For the MNIST dataset and Fashion-MNIST dataset, it can be observed that the performance of both methods will be improved as the number of training samples increases. However, CLR performs much better than DecNet when the number of training samples is small (e.g. from 50 to 500). The DecNet can only yield satisfactory output results when the number of training samples is at least 2000 or 5000. The results from CLR with 200 training samples is close to the results from DecNet with 5000 samples. Evidently, CLR has significant advantages compared with DecNet in attacking a TRPE system when the number of training samples is inadequate. It can be observed from Fig. 6 that the recovered MNIST images by DecNet are contaminated with stripe noise and the recovered Fashion-MNIST images by DecNet are heavily blurred when the number of training samples is small. Theoretically, it is possible for a deep learning network like DecNet to accurately model a linear system. However, the network may be overfitted at a local optimal point in the training when the number of training samples is small. Since the global optimal solution is not reached, the network may yield unfavorable prediction results for the testing images.
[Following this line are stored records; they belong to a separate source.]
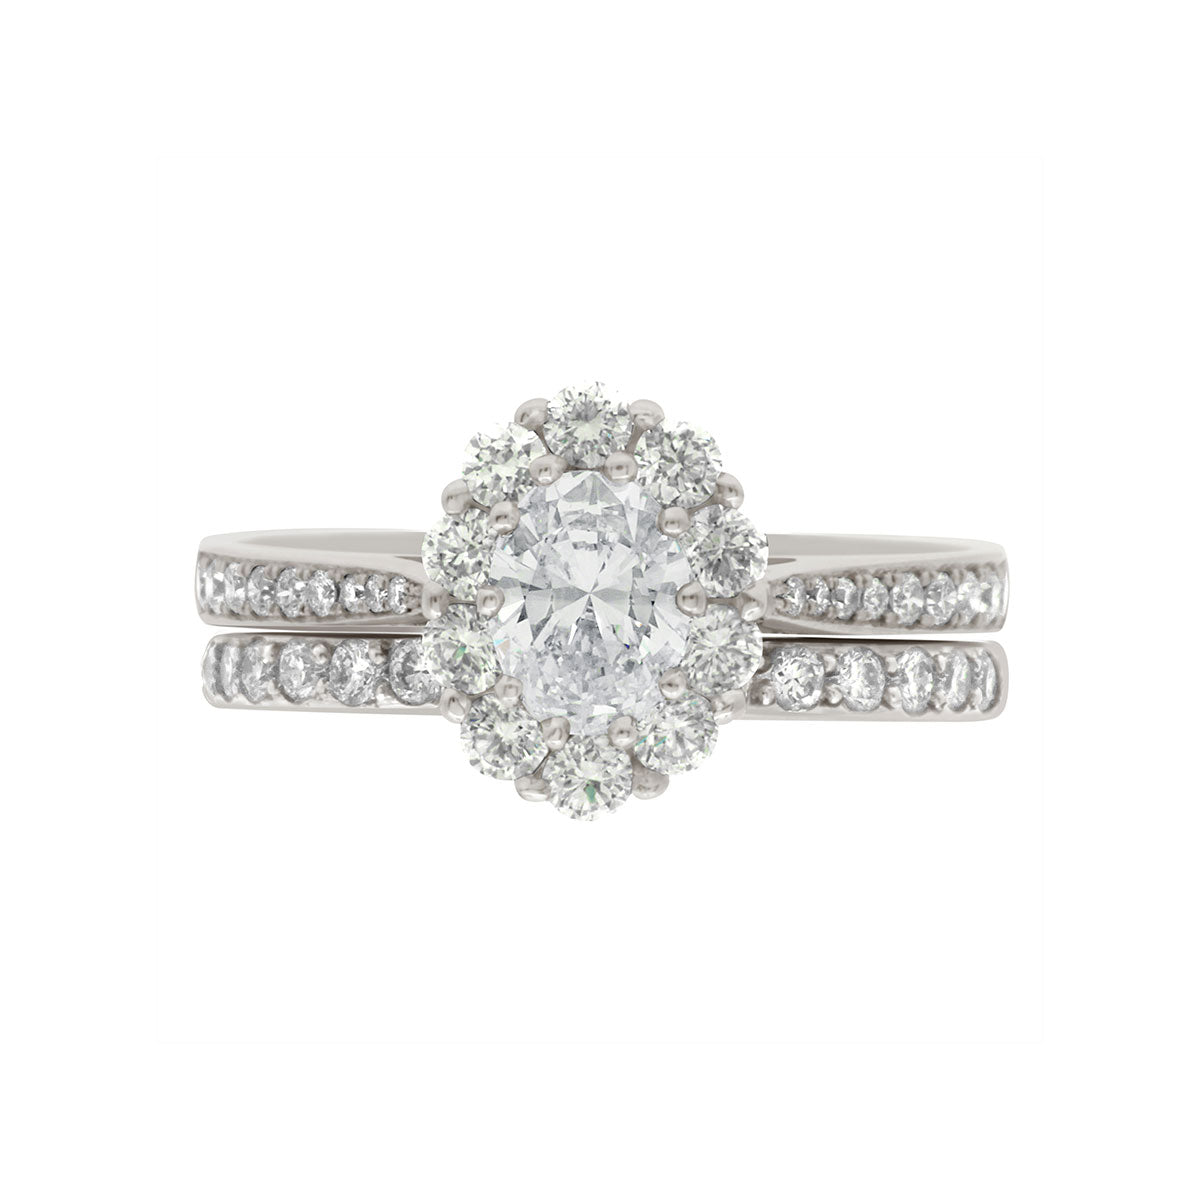 Cluster Engagement Ring with diamond shoulders in white gold with a matching diamond set wedding ring
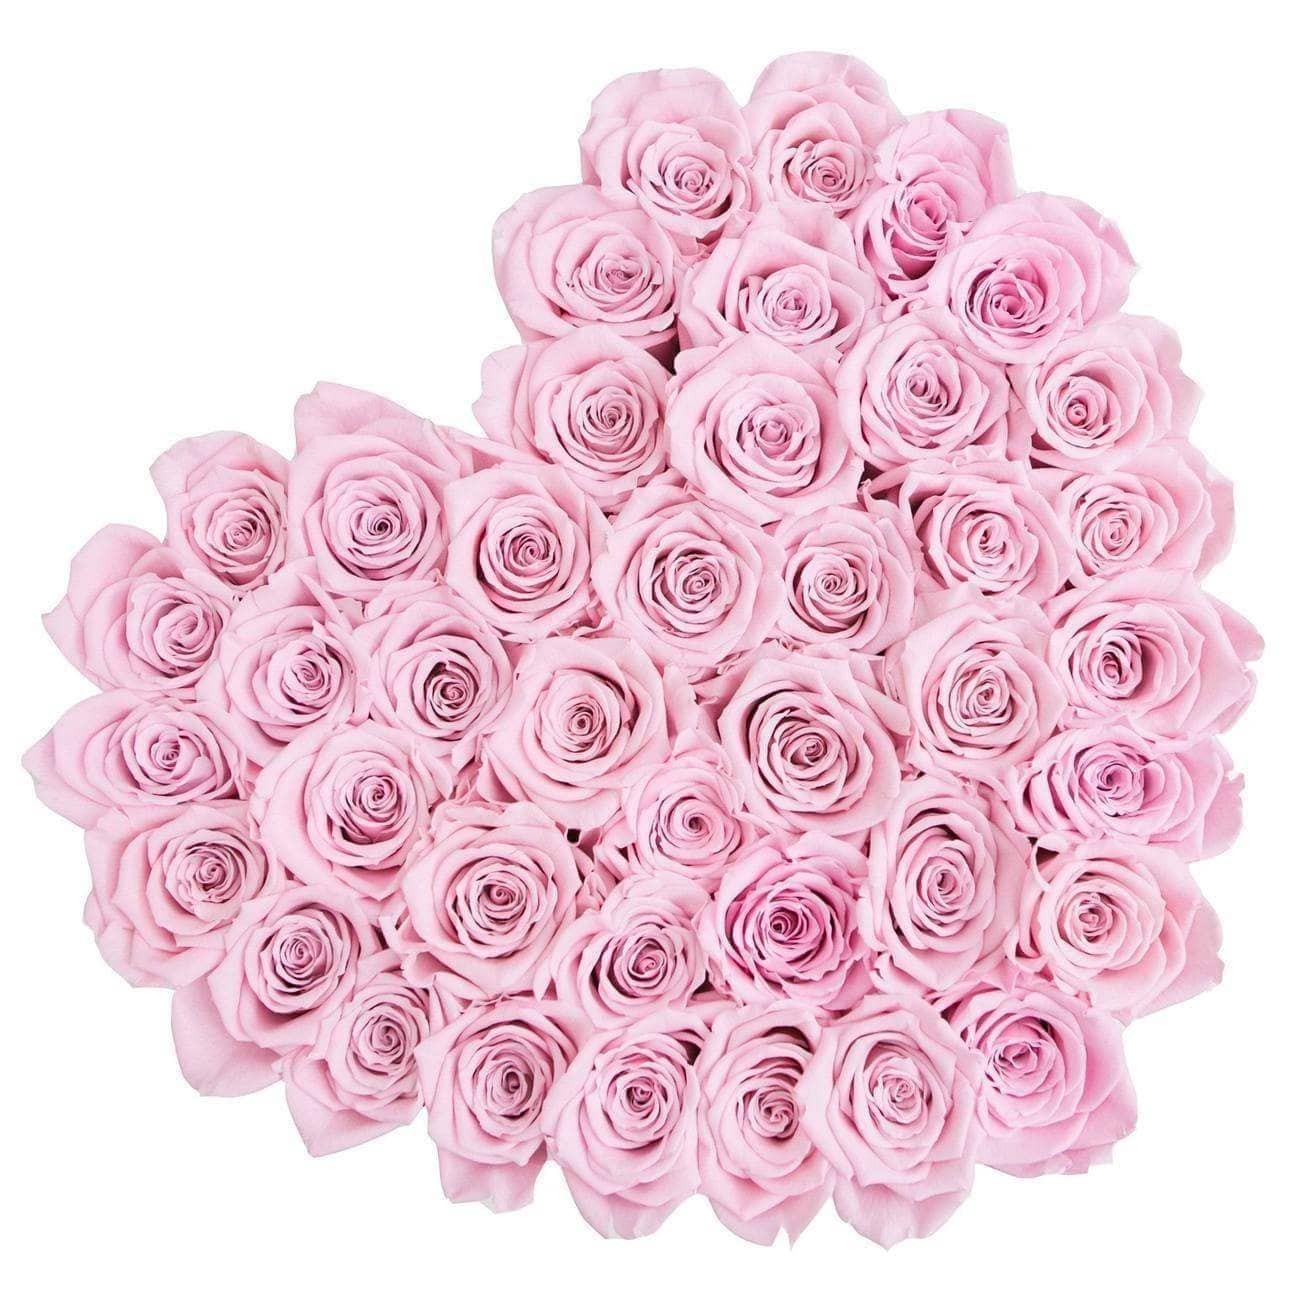 Pink Roses That Last A Year - Love Heart Rose Box
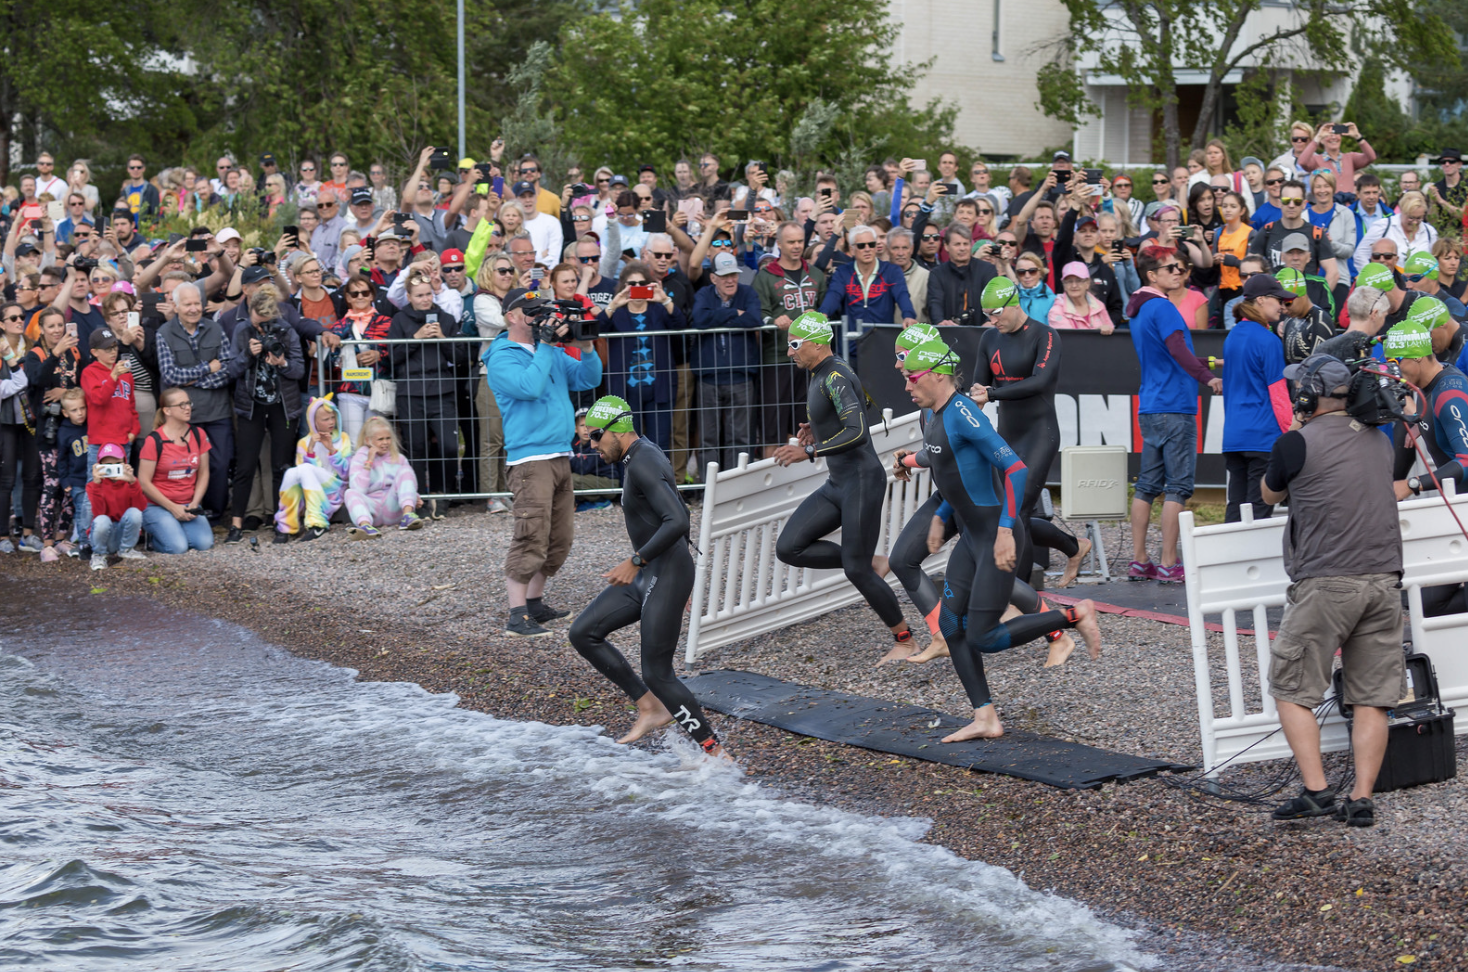 In the world's happiest country, Finland, triathletes run into Lake Vesijärvi for their Ironman Swimming Competition, June 29, 2019 (Photo by Marco Verch) Creative Commons license via Flickr

For the CIFAR-100 dataset, the performance of CLR is close to that for the Fashion-MNIST dataset and the original plaintext images can be recovered with acceptable visual quality. But DecNet completely fails to recover the plaintext images even when the number of training samples is adequate (up to 5000). The CIFAR-100 dataset contains complicated natural images from 100 different categories of objects. The MNIST dataset (or Fashion-MNIST dataset) only contains ten different kinds of simple number digit images (or fashion product images) and all the images have black background. It is easier for DecNet to extract common features from the MNIST or Fashion-MNIST images and perform plaintext recovery from a ciphertext based on these features. But it is difficult to extract common features from the diversified CIFAR-100 images for DecNet. CLR does not extract high-level features from the images so its performance will not vary a lot for different datasets.

In the previous work [34], the DecNet can still work when only ciphertext intensities are available as the network input, instead of both ciphertext intensities and phases. However, CLR will not work in this situation since the input-output relationship is no longer linear. This is one major limitation of CLR compared with DecNet.

The similarities and differences between the proposed CLR scheme and the previously proposed DecNet for attacking a TRPE system are summarized in Table 4.

#### 5.2 Blind reconstruction in single-pixel imaging

In the simulation, the size of object image and each illumination pattern is $32 \times 32$ pixels. The pixel intensity values in each illumination pattern are randomly distributed between 0 and 1. Four different numbers of illuminations, N = 51, N = 205, N = 410 and N = 1024 corresponding to four different sampling ratios S = 0.05, S = 0.2, S = 0.4 and S = 1, are attempted. Various number of training images and 200 testing images are randomly selected from the MNIST dataset and the CIFAR-100 dataset. The single-pixel intensity values can be obtained based on the SPI model described in Section 4. Both our proposed “linear regression + compressive sensing” (LRCS) scheme and Wang’s Net proposed in the previous work [35] are implemented to recover the original object image. The optimization solver for the compressive-sensed image reconstruction in LRCS is based on the work [43] for the MNIST dataset and based on the work [41] for the CIFAR-100 dataset. In the linear regression step of LRCS, the learning rate is set to be 0.01 and the number of iterations is 300 for all the cases. In the training of Wang’s Net, the learning rate is set to be 0.00001 and the number of epochs is 20 for all the cases. The average PSNR of the blindly reconstructed images from the simulated single-pixel intensity values for the 200 testing samples is presented in Table 5, Table 6, Table 7 and Table 8. Some examples of the reconstructed images are shown in Fig. 8 and Fig. 9.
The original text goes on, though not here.